- Born: 1952 (age 73–74) Edmonton, Alberta
- Education: University of Alberta, Banff School of Fine Arts, Emma Lake Artists' Workshops, Saint Martin's School of Art
- Known for: sculptor
- Notable work: Simoon
- Movement: abstract art, modernism, cubism
- Patrons: Robert T. Webb Sculpture Garden

= Ken Macklin =

Canadian artist (born 1952)

Ken Macklin (born 1952) is a Canadian artist best known for his large abstract sculptures made from industrial materials.

== Biography ==

Kenneth John Macklin was born in Edmonton, Alberta.
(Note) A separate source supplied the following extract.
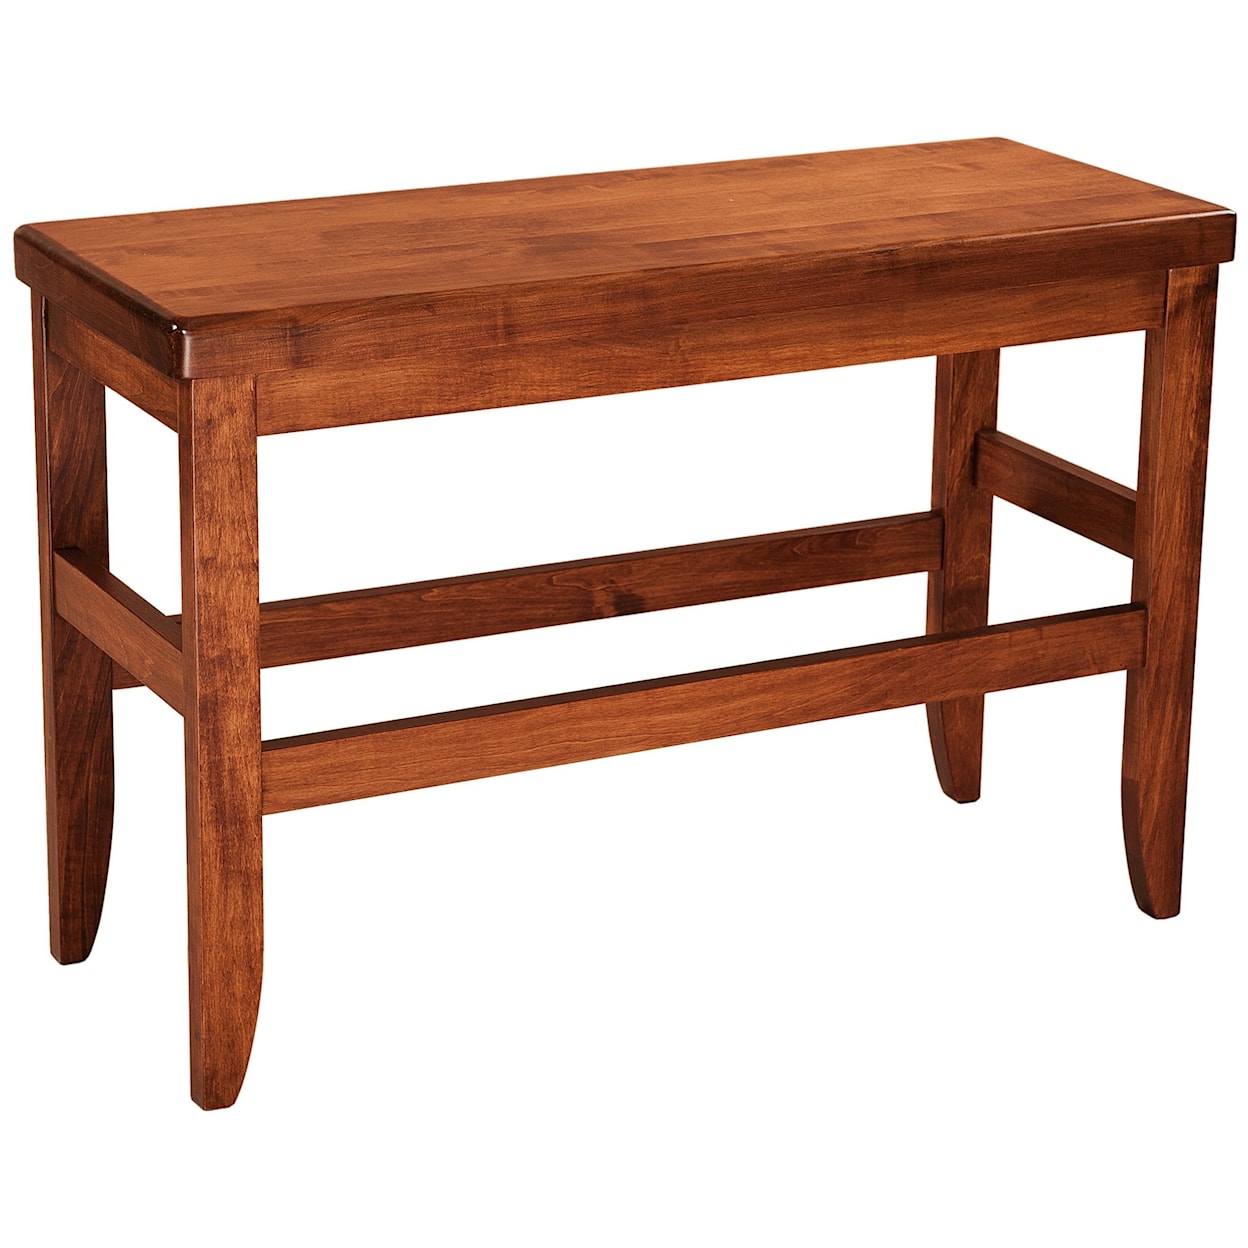 F&N Woodworking Clifton Bench 30"h x 36"w - Wood Seat

From 1972 - 1978, Macklin studied sculpture and ceramics at the University of Alberta. In 1979 Macklin travelled to England to study advanced sculpture at St. Martin's School of Art in London. A professional artist since 1980, Macklin has participated in a number of artists workshops including the Triangle Workshops in New York and Barcelona, and the Emma Lake Artists' Workshops in Saskatchewan. Ken Macklin's sculptures can be found in the civic art collections of St. Albert, Edmonton and Calgary; at the Catalunya Institute of Contemporary Art, Barcelona; Lehigh Valley Hospital, Pennsylvania; Lock Haven University, Pennsylvania; and the Robert T. Webb Sculpture Garden, Dalton, Georgia.

Ken Macklin's sculptures have been praised by a number of critics. Clement Greenberg reportedly hailed his large steel sculpture "Simoon" a "masterpiece". According to Terry Fenton, "Macklin's extraordinary ability to build overall configurations from side-by-side attachments may account for both his poetry and mastery of scale."

Ken Macklin lives and works in Gunn, Alberta.